Published December 11, 2008
SACRAMENTO, Calif. — California's utilities, refineries and large factories must transform their operations to cut greenhouse gas emissions as part of a new climate plan before state regulators.
On Thursday, the California Air Resources Board was expected to adopt what would be the nation's most sweeping global warming plan, outlining for the first time how individuals and businesses would meet a landmark 2006 law that made the state a leader on global climate change.
It would hold California's worst polluters accountable for the heat-trapping emissions they produce — transforming how people travel, utilities generate power and businesses use electricity.
At the heart of the plan is the future creation of a carbon-credit market designed to give the state's major polluters cheaper ways to cut emissions.
If adopted, the plan would set clear strategies for how the country's most populous state plans to cut emissions at a time many governments around the world are struggling with a financial crisis that threatens to undermine efforts to fight climate change.

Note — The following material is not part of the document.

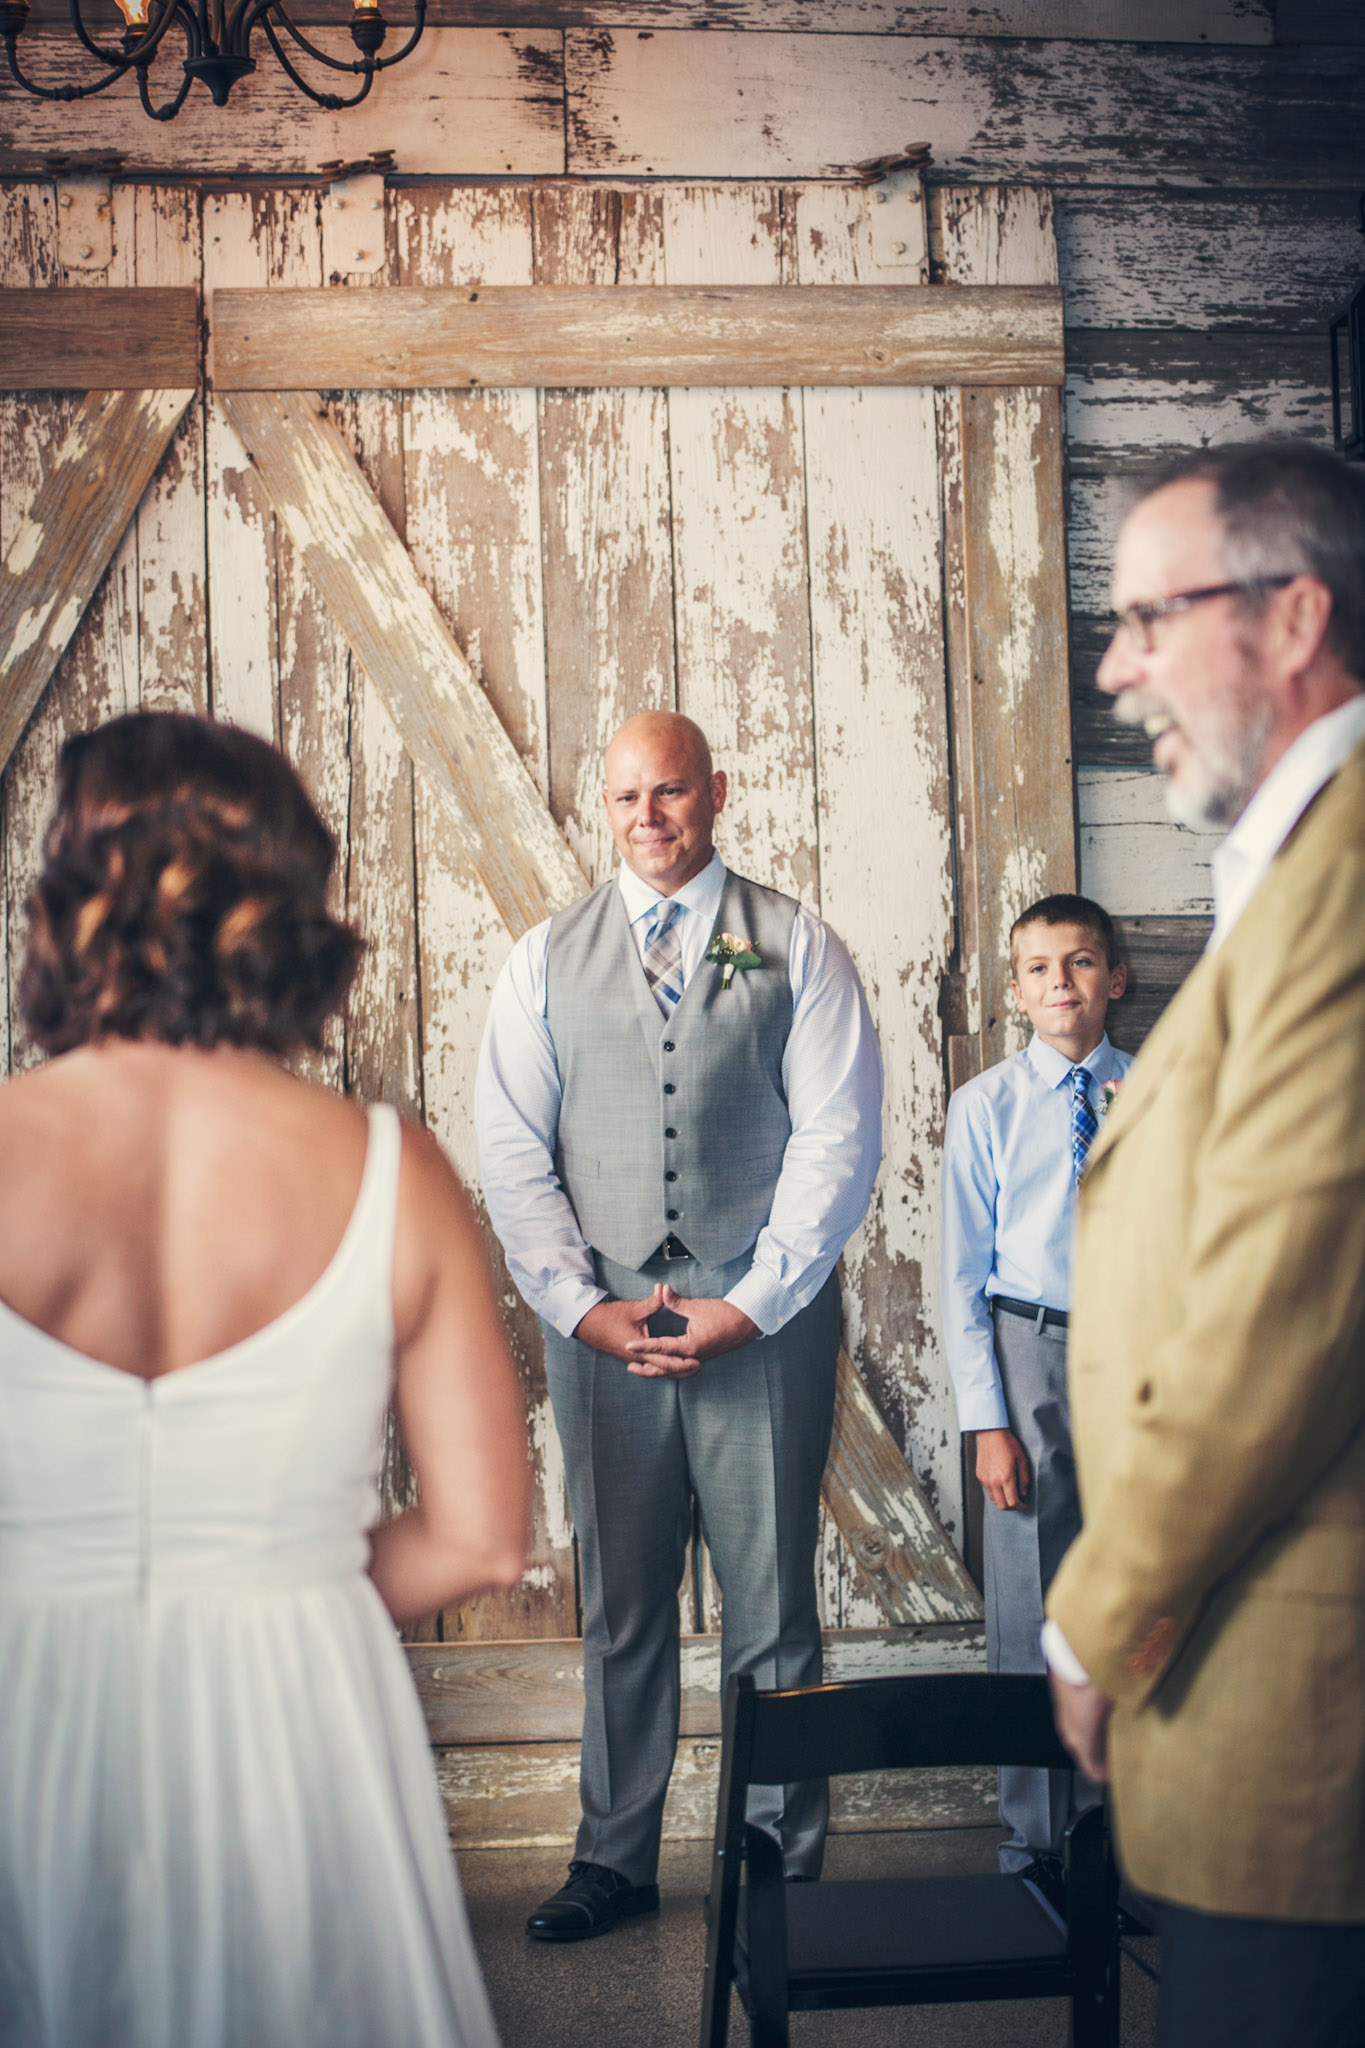 The_Vow_Exchange_Kansas_City_Small_Budget_Wedding_Venue_Lisa & John_041b.jpg

California's 2006 law, called the Global Warming Solutions Act, mandates the state cut emissions to 1990 levels by 2020.
The strategy chosen by air regulators relies on 31 new rules affecting all facets of life, from what fuels Californians put in their vehicles to what kind of air conditioners businesses put in their buildings.
The average Californian, for example, can expect to pay to have his or her car tires inflated during oil changes and to pay higher power bills as utilities try to increase their use of renewable energy.

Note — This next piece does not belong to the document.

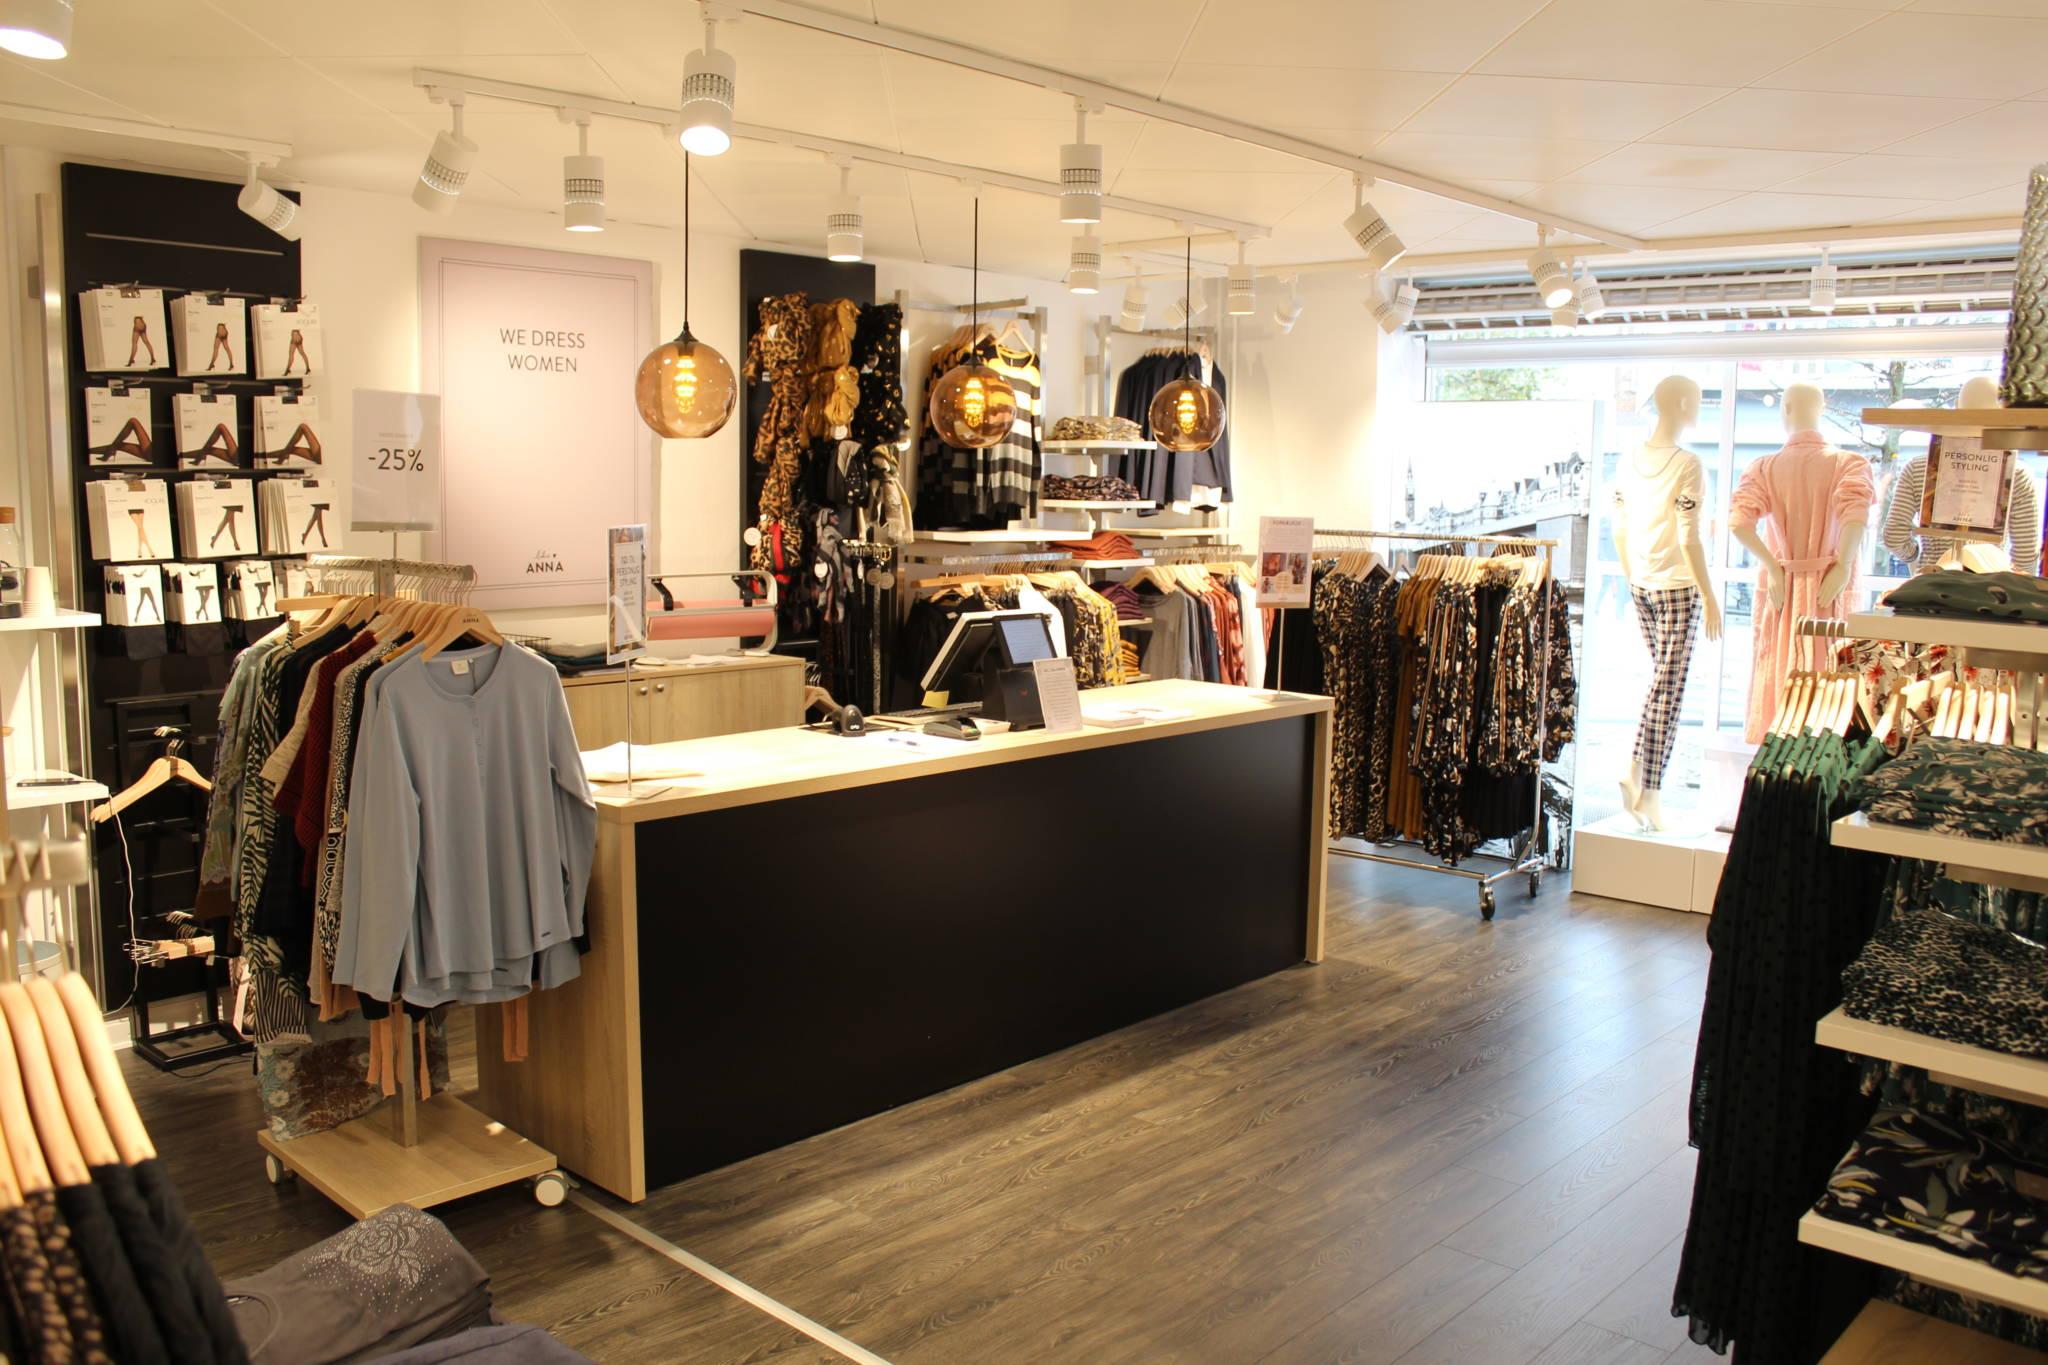 Flot butiksdisk i egetræ og sort. Butiksindretning og butiksinventar.

He or she could also see more fuel-efficient cars at dealerships, better public transportation, new housing near schools and businesses, and utility rebates to equip homes to be more energy efficient.
New fees and reporting requirements will accompany the emission rules.
Finding ways to implement California's target has not been without controversy.
Republicans, small businesses and major industries that will be forced to change their operations say jobs could be lost, companies might leave the state and energy prices will skyrocket.
California's nonpartisan legislative analyst and independent scientists have criticized some of the air board's research, saying the costs to the state could be greater than projected. Assemblyman Roger Niello, R-Fair Oaks, has asked the board to postpone its vote and perform a more thorough economic analysis.
An air board analysis published in September projected California's economy would grow faster if the state acts to cut emissions. It estimated 100,000 more jobs would be created and the average California household would save $400 a year by driving more fuel-efficient vehicles and living in more energy-efficient homes.
Air board chairwoman Mary Nichols said she was optimistic the country would be out of the recession by the time California's industries, commercial businesses and individuals must begin complying with emission regulations in 2012.
Once all the measures are in force, the air board projects the cost to the state at $25 billion in 2020, but said that will be more than offset by the savings — which it estimates at $40 billion that year. Supporters of the law also hope it will make California a leader in green technology, attracting investments and jobs.
Most of the reductions in California's emissions will come from more detailed regulations that will be written over the next few years, including rules governing a cap-and-trade program that launches in 2012 to help the largest polluters achieve emission cuts.
But allowing businesses to buy their way out of the problem is another contentious part of the plan. Representatives of California's poor communities say the polluting power plants, refineries and factories in their neighborhoods could write a check rather than cut emissions.